What you need to do: Beginning with the line containing "Obersteinach, Bild 1" and ending at the last line of the data, set down every line exactly, leaving out all pictures.

#### Dataset content ####

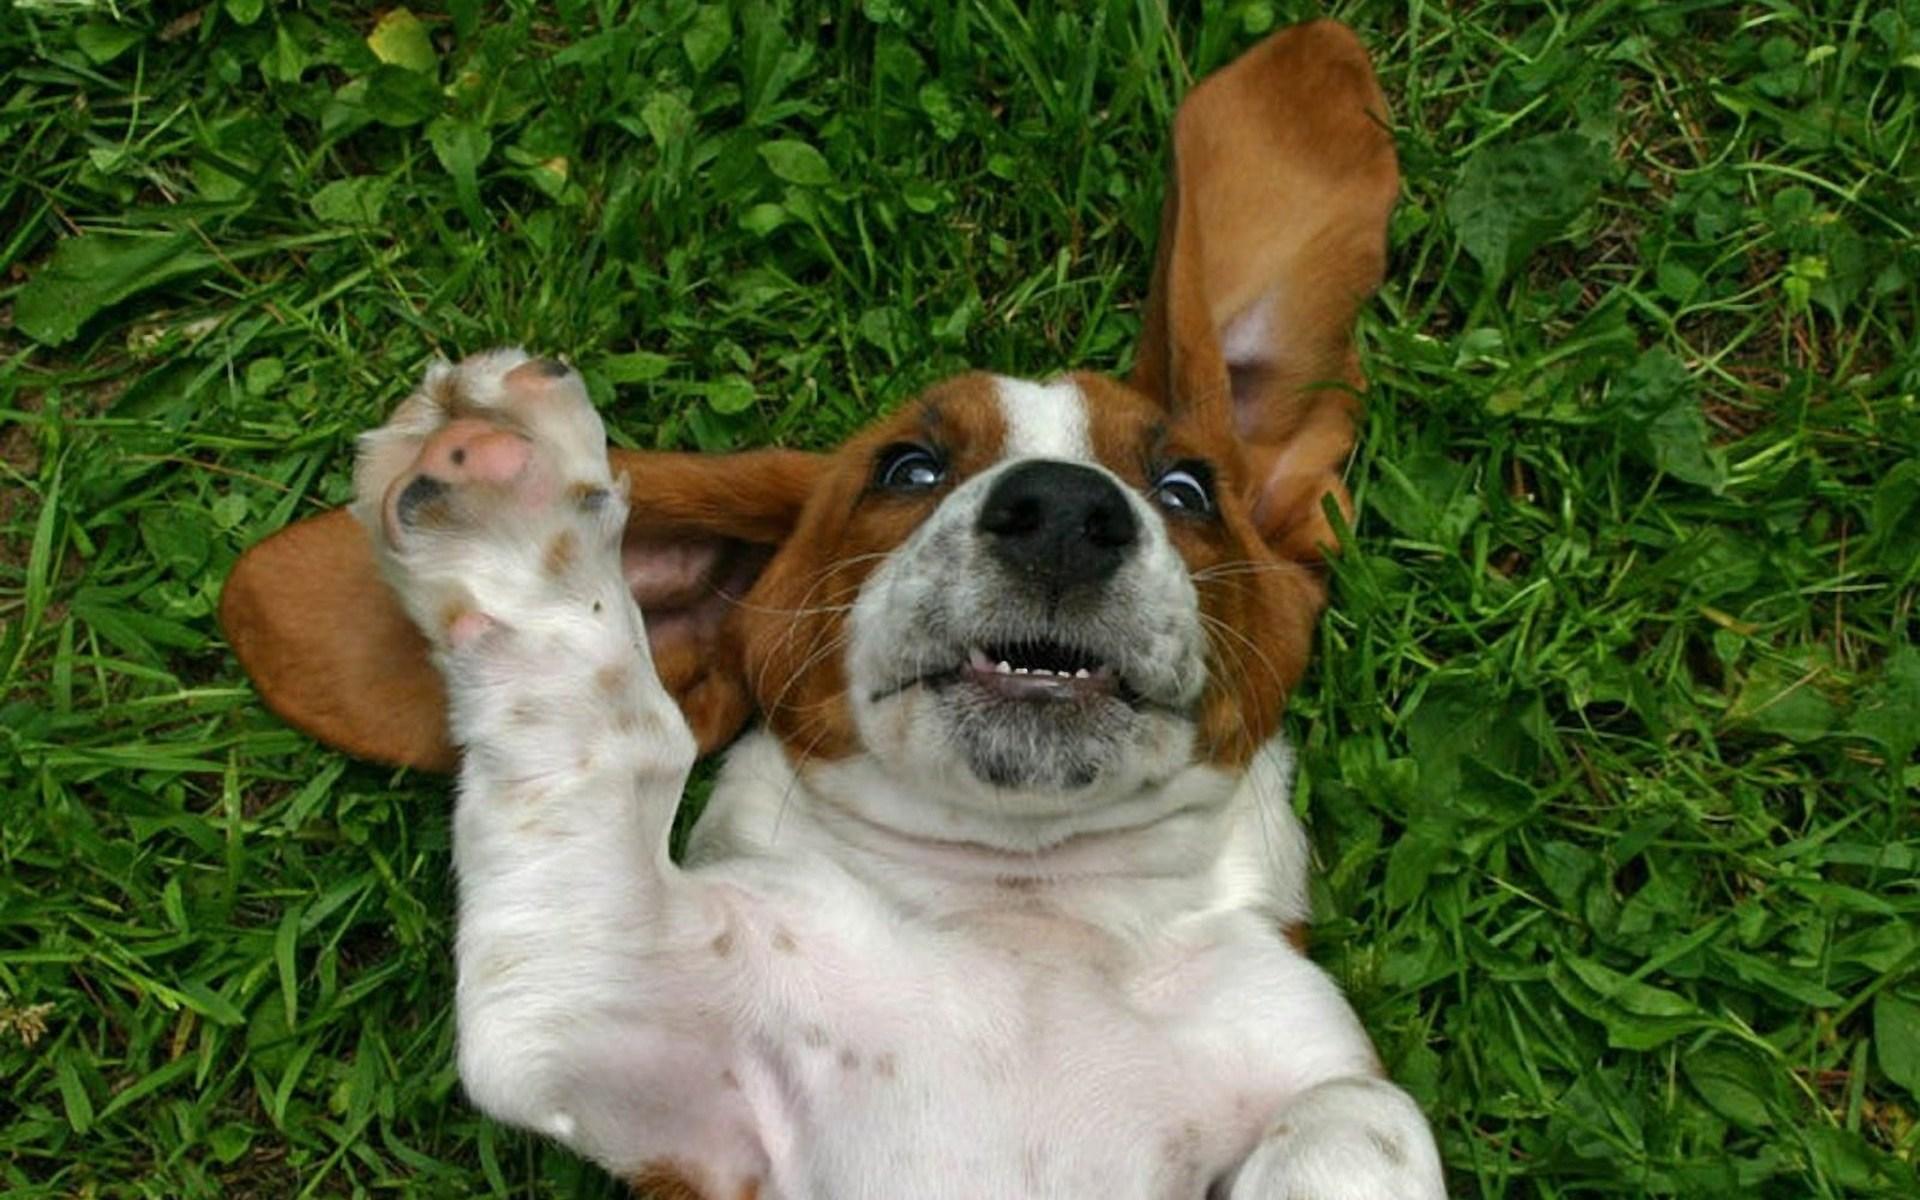 Beagle Wallpaper Screensavers - WallpaperSafari
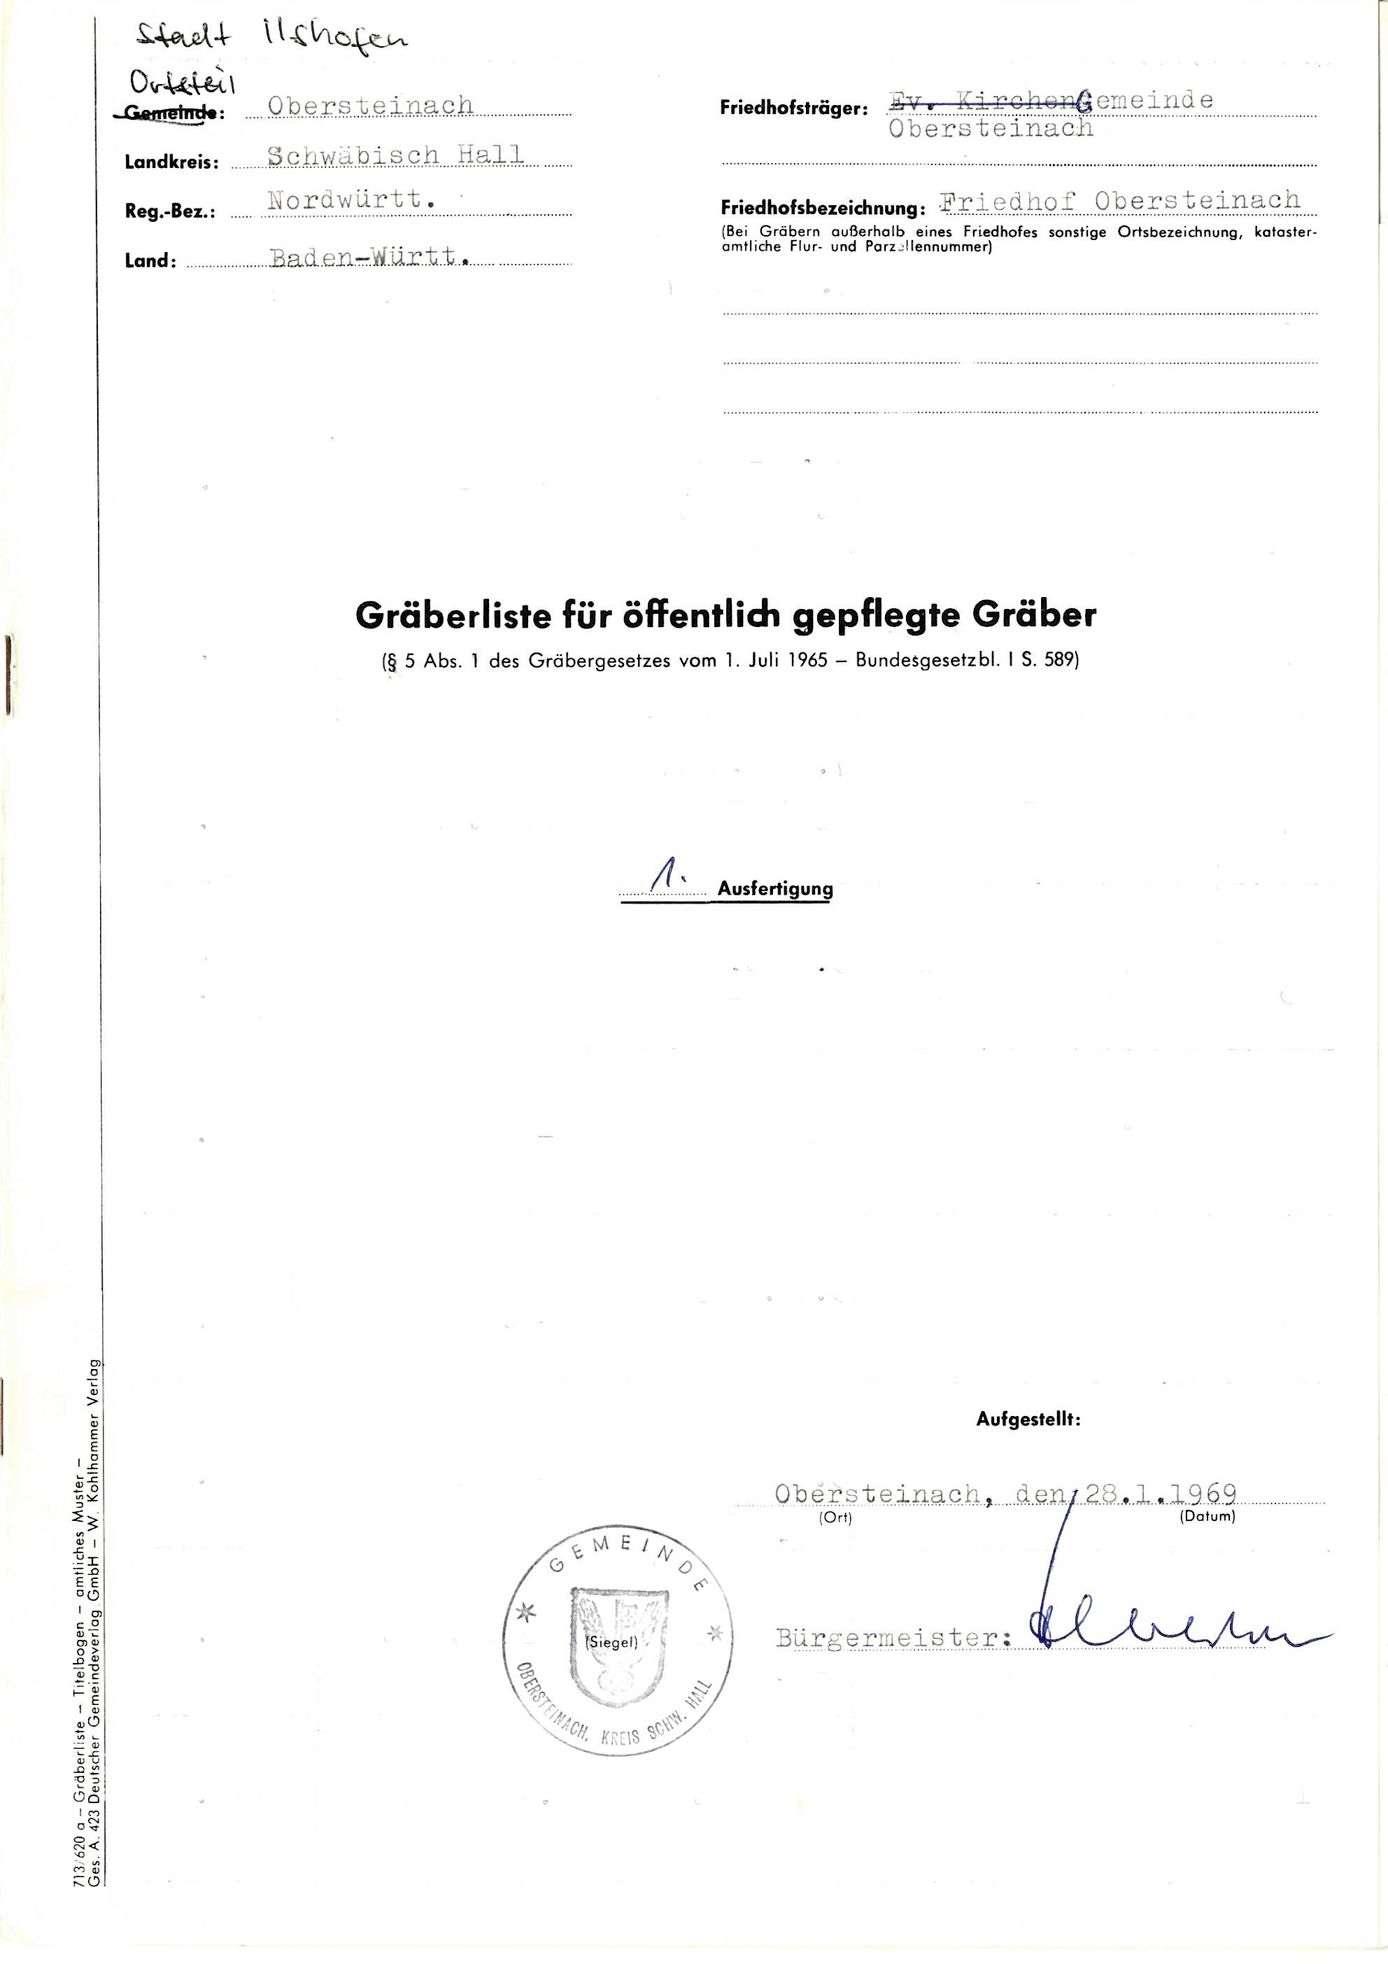 Obersteinach, Bild 1
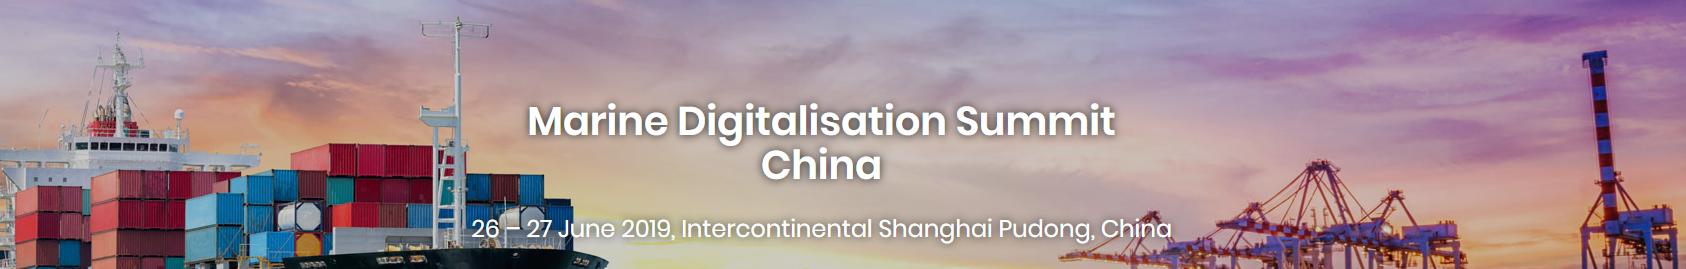 Marine Digitalisation Summit - Shanghai

####

Answer to this problem:
 Obersteinach, Bild 1
 Marine Digitalisation Summit - Shanghai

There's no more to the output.